一般的に外壁塗装の目安はおよそ10年ごとと言われていますが、塗装工事は決して安い金額ではありません。
ですので、「塗り替えって本当に定期的にする必要あるの?」「建物が汚れているのを我慢すればいいのではないか」と、お思いの方もいるかもしれません。
しかし、それは大きな代償を払う可能性があります。
外壁塗装をしなくてもすぐに問題が起きるとは限りませんが、お住まいのことを考えるのであれば、後々に大きなトラブルが起きる前に適切なタイミングで行うことが大切です。
今回はなぜ外壁塗装が必要なのか、またしないことで起こりうるリスクについて解説をしたいと思います。
目次
外壁塗装の目的
塗装工事の目的は建物の美観を維持、回復するためだけではありません。
美観の維持も目的の一つではありますが、最も重要な目的は塗装(塗膜)でお住まいの保護をすることにあります。
建物は日々紫外線や風雨に晒されています。

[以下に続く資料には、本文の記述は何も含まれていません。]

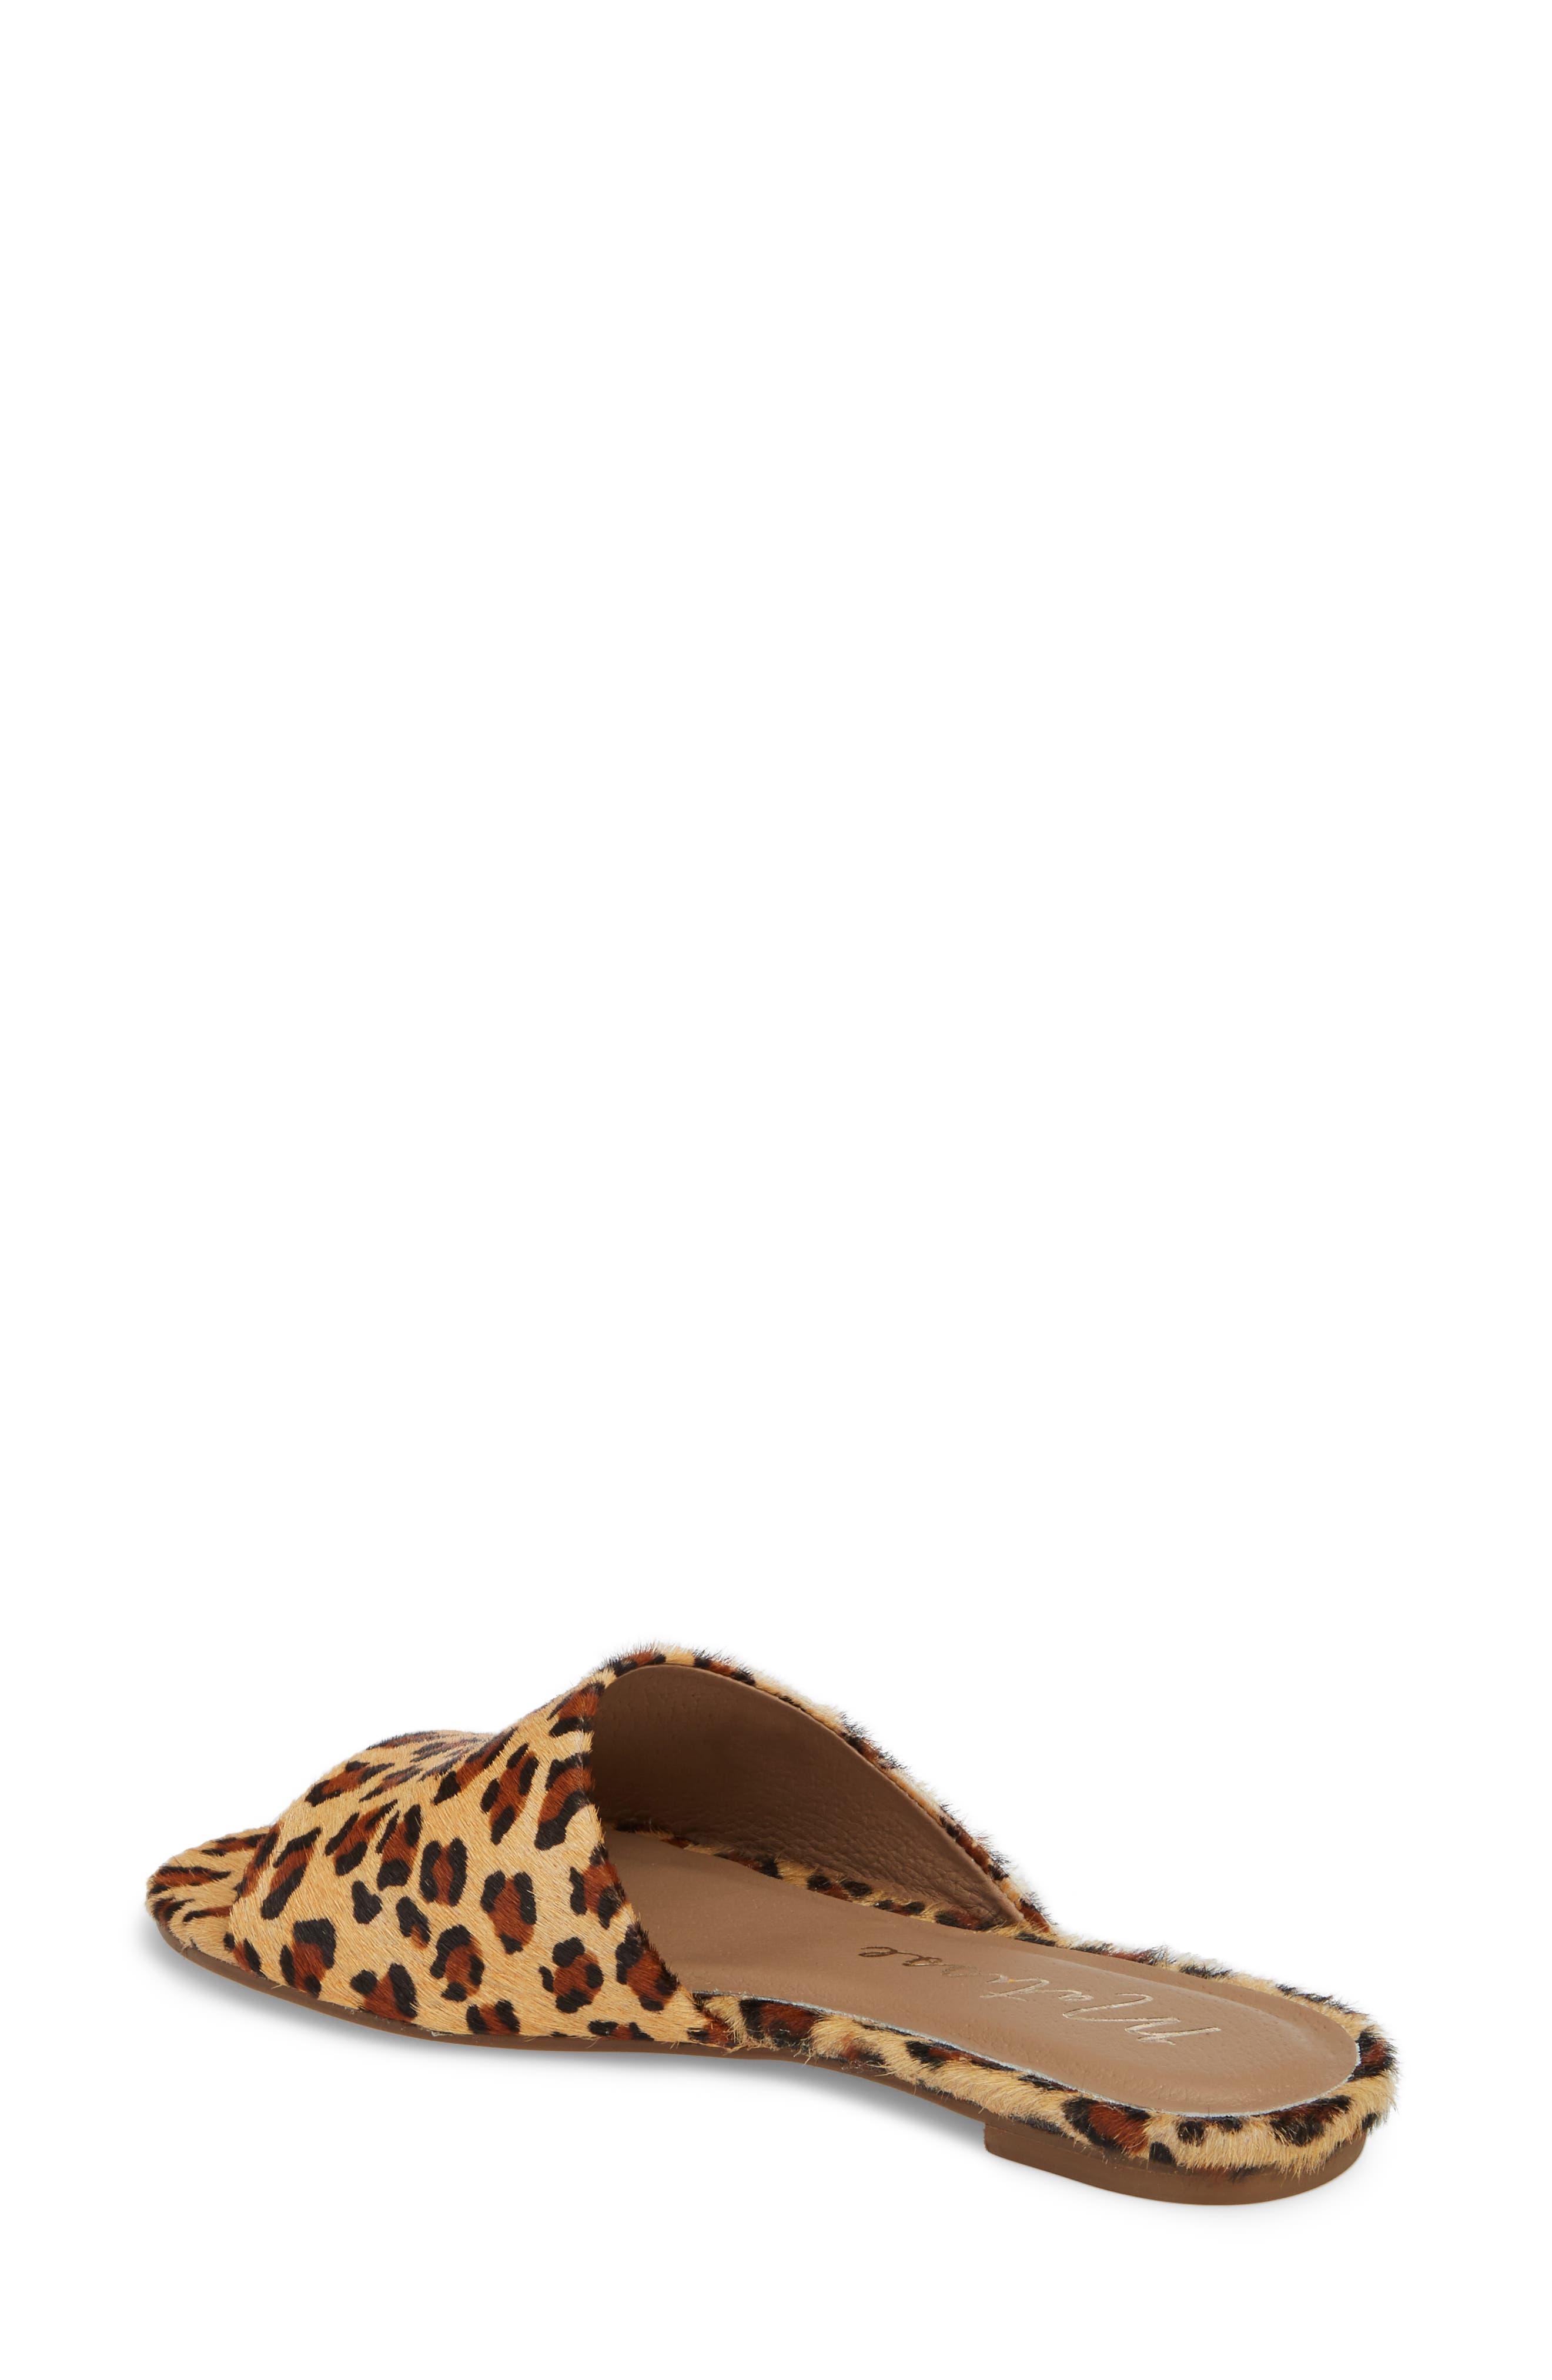 Lira Genuine Calf Hair Sandal,                             Alternate thumbnail 2, color,                             LEOPARD LEATHER

塗装はそういった劣化を進行させる要素からお住まいを守り、寿命を延ばす役割があるのです。
外壁材だけでは建物を守りきれない
一般的に広く住宅に使われている外壁材自体の防水機能は十分ではありません。
そのため工場出荷時に塗装を行い防水機能を付加しています。
しかし、一般的な塗料による塗装防水は紫外線や風雨により7年~10年ほどで効果が失われてゆきます。
そのまま放置すれば雨水が建物に侵入し、徐々に内部を腐食させ建物の寿命を縮めることになります。
そうならないためにも、定期的な外壁塗装でお住まいを守ることが必要なのです。
塗り替えのサイン
外壁塗装の目安はおよそ10年と冒頭で述べましたが、塗り替えのタイミングは、お住まいの出すサインで知ることができます。
- 艶が落ちてくる
- 汚れが目立つようになる
- 色が褪せてくる
- チョーキングが出てくる(手で触ると白い粉が付く)
- 水分を吸い込むようになる
- 藻や苔が発生してくる
- クラック(ひび割れ)が出てくる
- 建物内部に水が浸入する
サインとは、ずばりお住まいの劣化症状のことです。劣化の進行度合いを把握することで、適切な
メンテナンスのタイミングが分かります。
7番まで放置してしまうと、塗装以外に補修などの費用が発生しますので、できれば6番の段階までに塗り替えをしていただくのがお勧めです。
塗り替えをしないとどうなるのか
では、もし塗り替えのサインを見逃したり、放置したまま外壁塗装を行わないとどうなるのでしょうか。
起こりうるトラブルについて紹介していきます。
1. 外壁にひび割れ(クラック)が発生
塗膜の防水性能が落ち外壁材が水分を吸い込むようになると、雨の日に水分を含み膨張し、晴れの日に乾燥して収縮するということを繰り返します。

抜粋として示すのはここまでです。